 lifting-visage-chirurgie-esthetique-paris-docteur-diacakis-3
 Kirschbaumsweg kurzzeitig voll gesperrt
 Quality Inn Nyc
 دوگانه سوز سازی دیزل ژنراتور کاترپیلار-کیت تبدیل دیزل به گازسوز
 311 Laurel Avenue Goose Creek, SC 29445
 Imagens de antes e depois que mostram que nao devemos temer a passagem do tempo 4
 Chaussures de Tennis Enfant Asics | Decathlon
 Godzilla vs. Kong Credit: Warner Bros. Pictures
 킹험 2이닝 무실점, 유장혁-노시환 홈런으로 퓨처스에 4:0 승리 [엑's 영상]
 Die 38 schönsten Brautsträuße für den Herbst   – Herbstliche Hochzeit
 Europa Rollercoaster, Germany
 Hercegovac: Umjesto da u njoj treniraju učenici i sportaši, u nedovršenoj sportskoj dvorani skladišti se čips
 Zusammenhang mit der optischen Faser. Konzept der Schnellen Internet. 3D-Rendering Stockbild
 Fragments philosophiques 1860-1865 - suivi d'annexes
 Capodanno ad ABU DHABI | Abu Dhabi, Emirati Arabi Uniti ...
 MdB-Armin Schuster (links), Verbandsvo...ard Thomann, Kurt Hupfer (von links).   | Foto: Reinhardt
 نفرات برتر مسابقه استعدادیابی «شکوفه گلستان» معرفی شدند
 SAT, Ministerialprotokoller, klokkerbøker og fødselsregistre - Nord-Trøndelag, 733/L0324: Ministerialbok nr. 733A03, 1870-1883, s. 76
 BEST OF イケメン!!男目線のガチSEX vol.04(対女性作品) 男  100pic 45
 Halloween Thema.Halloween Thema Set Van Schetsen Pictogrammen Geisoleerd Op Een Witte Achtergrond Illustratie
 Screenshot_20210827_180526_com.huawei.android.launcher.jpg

- _The task_: Using the data above, output each line exactly.

- _Exercise response_:
 lifting-visage-chirurgie-esthetique-paris-docteur-diacakis-3
 Kirschbaumsweg kurzzeitig voll gesperrt
 Quality Inn Nyc
 دوگانه سوز سازی دیزل ژنراتور کاترپیلار-کیت تبدیل دیزل به گازسوز
 311 Laurel Avenue Goose Creek, SC 29445
 Imagens de antes e depois que mostram que nao devemos temer a passagem do tempo 4
 Chaussures de Tennis Enfant Asics | Decathlon
 Godzilla vs. Kong Credit: Warner Bros. Pictures
 킹험 2이닝 무실점, 유장혁-노시환 홈런으로 퓨처스에 4:0 승리 [엑's 영상]
 Die 38 schönsten Brautsträuße für den Herbst   – Herbstliche Hochzeit
 Europa Rollercoaster, Germany
 Hercegovac: Umjesto da u njoj treniraju učenici i sportaši, u nedovršenoj sportskoj dvorani skladišti se čips
 Zusammenhang mit der optischen Faser. Konzept der Schnellen Internet. 3D-Rendering Stockbild
 Fragments philosophiques 1860-1865 - suivi d'annexes
 Capodanno ad ABU DHABI | Abu Dhabi, Emirati Arabi Uniti ...
 MdB-Armin Schuster (links), Verbandsvo...ard Thomann, Kurt Hupfer (von links).   | Foto: Reinhardt
 نفرات برتر مسابقه استعدادیابی «شکوفه گلستان» معرفی شدند
 SAT, Ministerialprotokoller, klokkerbøker og fødselsregistre - Nord-Trøndelag, 733/L0324: Ministerialbok nr. 733A03, 1870-1883, s. 76
 BEST OF イケメン!!男目線のガチSEX vol.04(対女性作品) 男  100pic 45
 Halloween Thema.Halloween Thema Set Van Schetsen Pictogrammen Geisoleerd Op Een Witte Achtergrond Illustratie
 Screenshot_20210827_180526_com.huawei.android.launcher.jpg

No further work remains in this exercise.